Chapter 5.4
Notes
Linguistic Mapping Exercises
Knowledge Checks
- Evaluate the following finite series: \(\sum\limits_{k=10}^{50}(3k-2).\)
- Evaluate the following finite series: \(\sum\limits_{k=1}^{40}\left(\tfrac{1}{k+1}-\tfrac{1}{k+2}\right).\)
- Evaluate the following finite series: \(\sum\limits_{k=2}^{40}\tfrac{1}{k^2+4k+3}.\)
- Evaluate the following finite series: \(\sum\limits_{k=3}^{50}\left(\tfrac{1}{2}\right)^k.\)

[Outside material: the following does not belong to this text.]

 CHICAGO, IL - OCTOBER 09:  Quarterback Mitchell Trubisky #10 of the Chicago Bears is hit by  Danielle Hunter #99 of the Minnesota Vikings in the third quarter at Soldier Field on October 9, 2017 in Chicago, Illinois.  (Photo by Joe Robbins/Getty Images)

- Evaluate the following series: \(\sum\limits_{k=2}^{\infty}\tfrac{1}{k^2+4k+3}.\)
- Evaluate the following series: \(\sum\limits_{k=3}^{\infty}\left(\tfrac{1}{2}\right)^k.\)

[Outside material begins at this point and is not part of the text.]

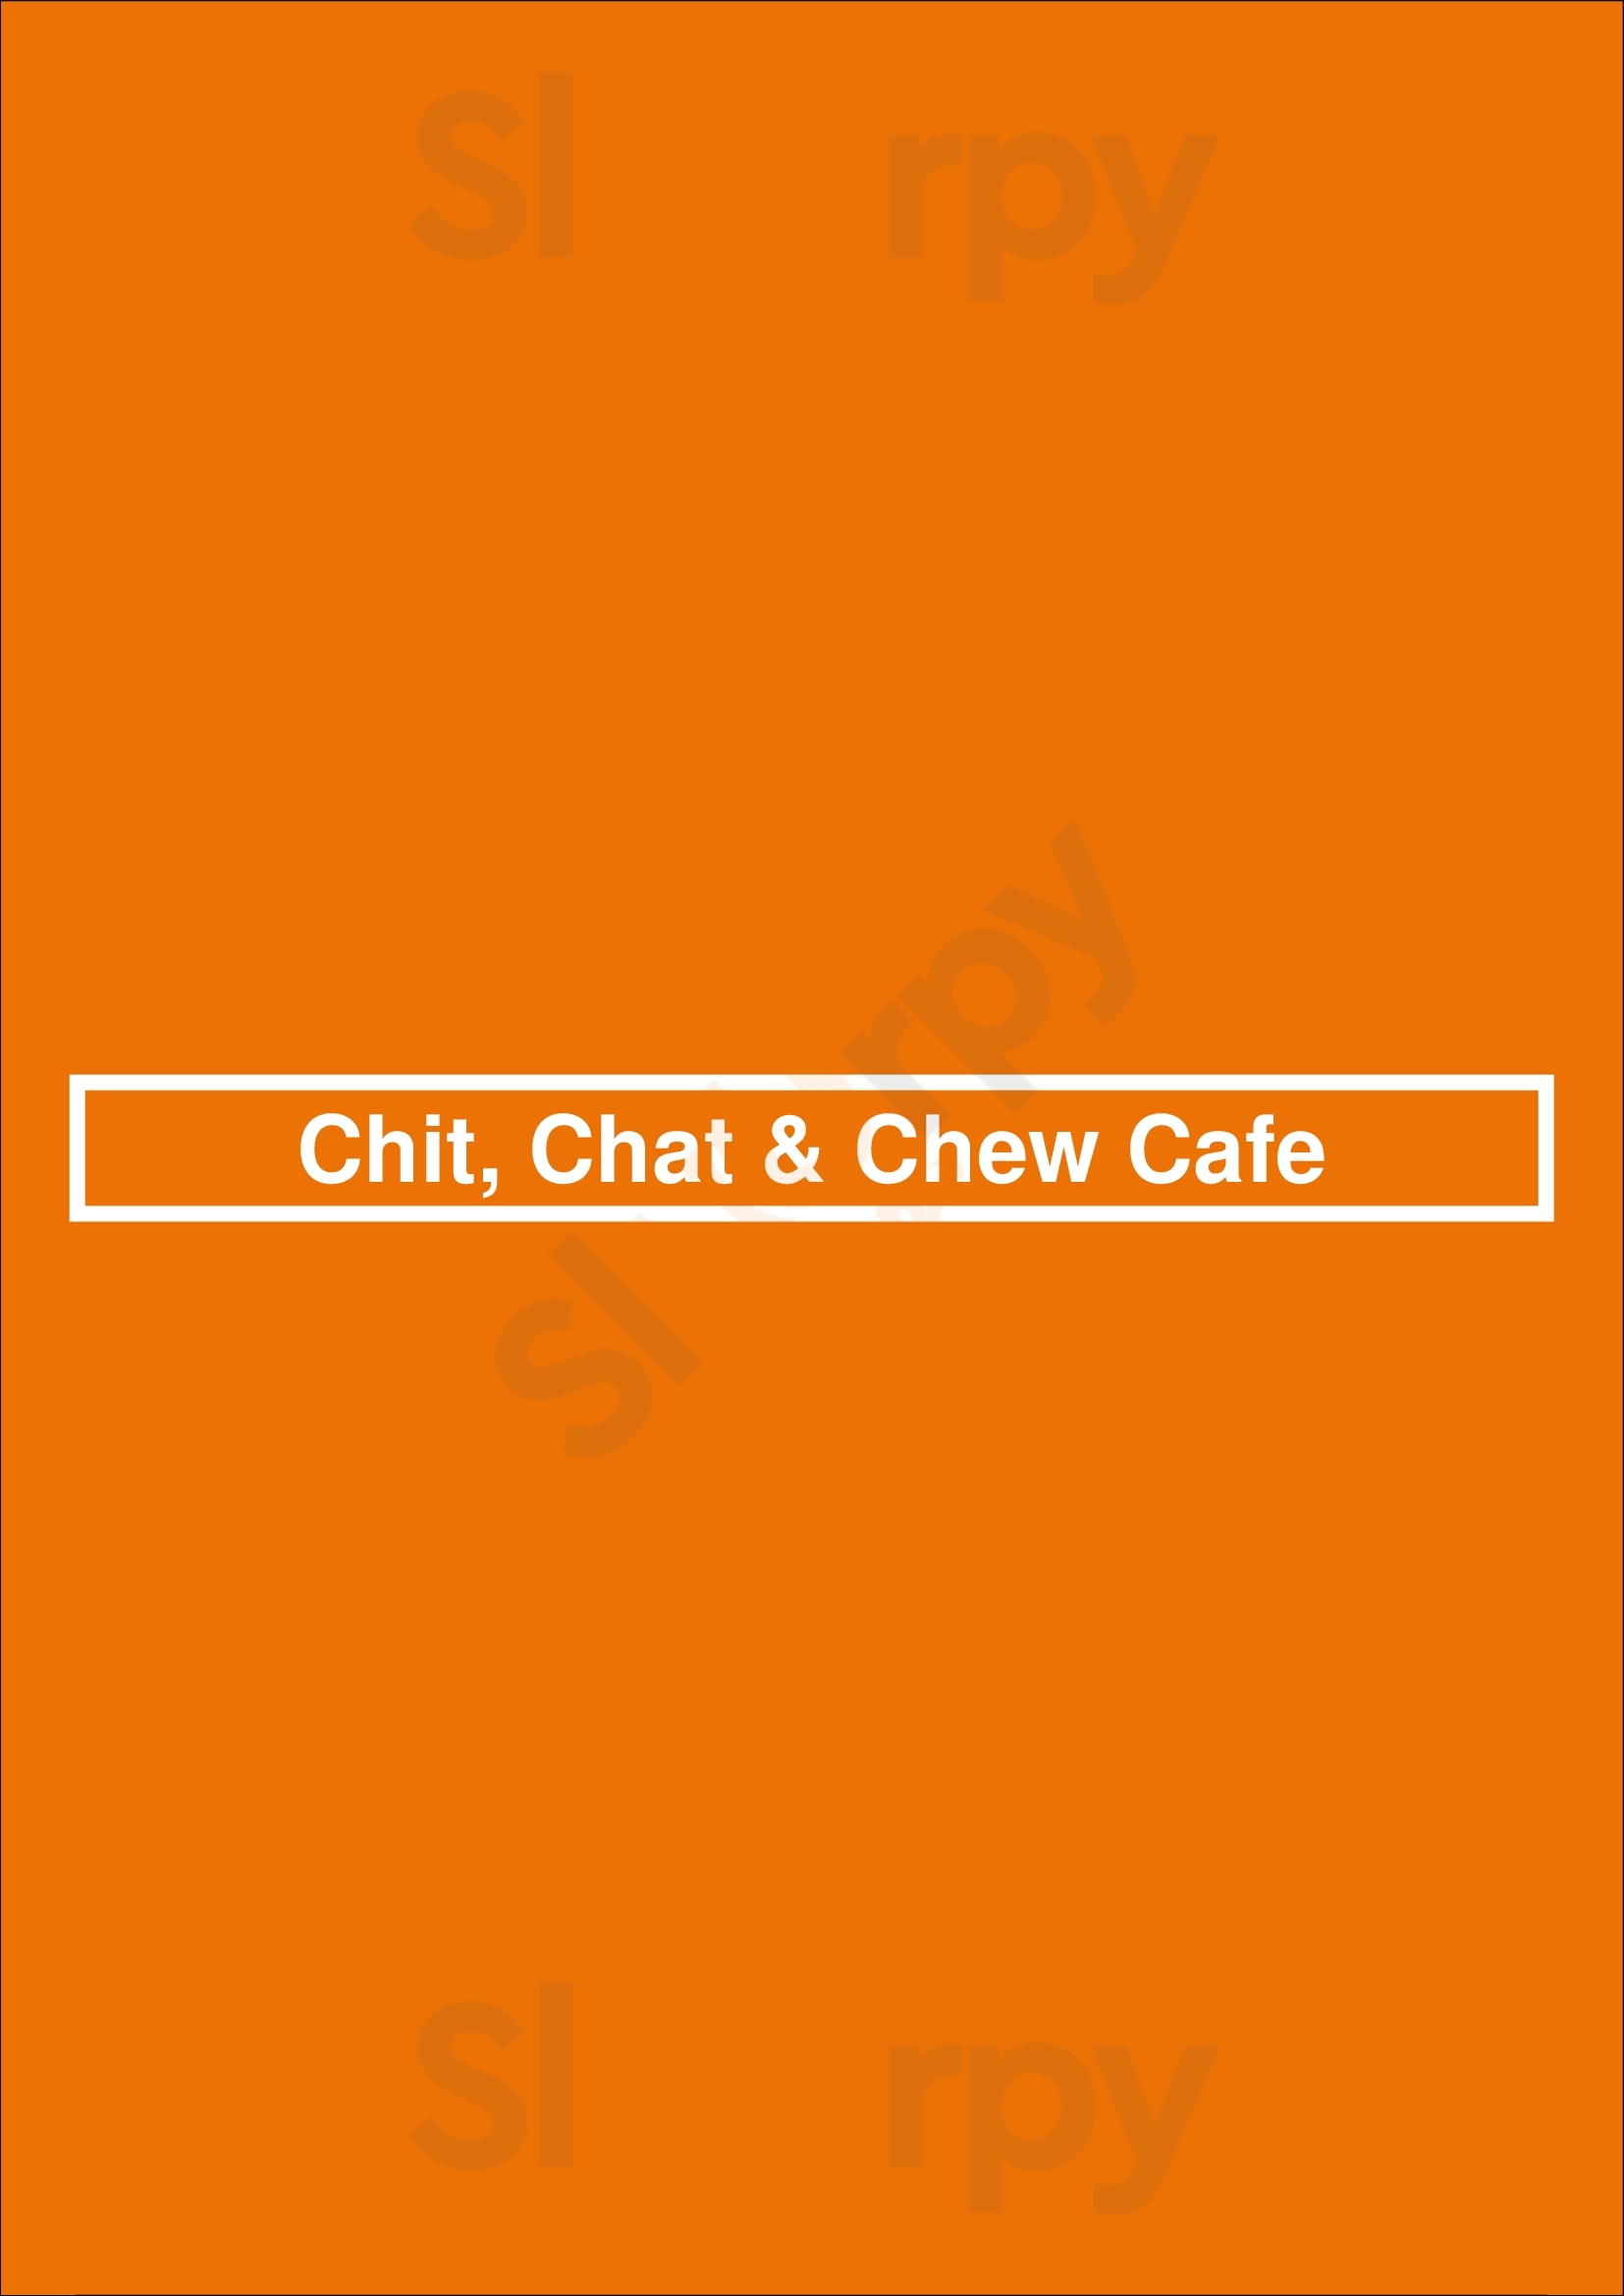 Chit, Chat & Chew Cafe Searcy Menu - 1

- Show that the following series diverges: \(\sum\limits_{n=1}^{\infty}\tfrac{n^2+3}{4n^2+n+1}.\)
- Use the comparison test to determine the convergence or divergence of these series:
- \(\sum\limits_{n=1}^{\infty}\tfrac{n+1}{n^3+2n+1}\)
- \(\sum\limits_{n=1}^{\infty}\tfrac{n}{\sqrt{4n^2+2}}\)
- \(\sum\limits_{n=1}^{\infty}\tfrac{3^n+2n}{10^n+100}\)
- Use the limit comparison test to determine the convergence or divergence of these series:
- \(\sum\limits_{n=1}^{\infty}\tfrac{n+1}{n^3+2n+1}\)
- \(\sum\limits_{n=1}^{\infty}\tfrac{n}{\sqrt{4n^2+2}}\)
- \(\sum\limits_{n=1}^{\infty}n^2\sin\left(\frac{1}{n^3}\right)\)
- \(\sum\limits_{n=1}^{\infty}\tfrac{3^n+2n}{10^n+100}\)
- Use the alternating series test to determine the convergence of the following series and then determine if they are conditionally convergent or absolutely convergent:
- \(\sum\limits_{n=1}^{\infty}\tfrac{(-1)^n}{n^2+1}\)
- \(\sum\limits_{n=1}^{\infty}\tfrac{(-1)^n}{e^n}\)
- \(\sum\limits_{n=1}^{\infty}\tfrac{1}{\sqrt{3n^2+1}}\)
- Use the ratio test to determine the convergence of the following series: \(\sum\limits_{n=1}^{\infty}\tfrac{3^n}{n!}.\)
- Use the root test to determine the convergence of the following series: \(\sum\limits_{n=1}^{\infty}\tfrac{3^n}{2^n}.\)
Remember, do the knowledge checks before checking the solutions.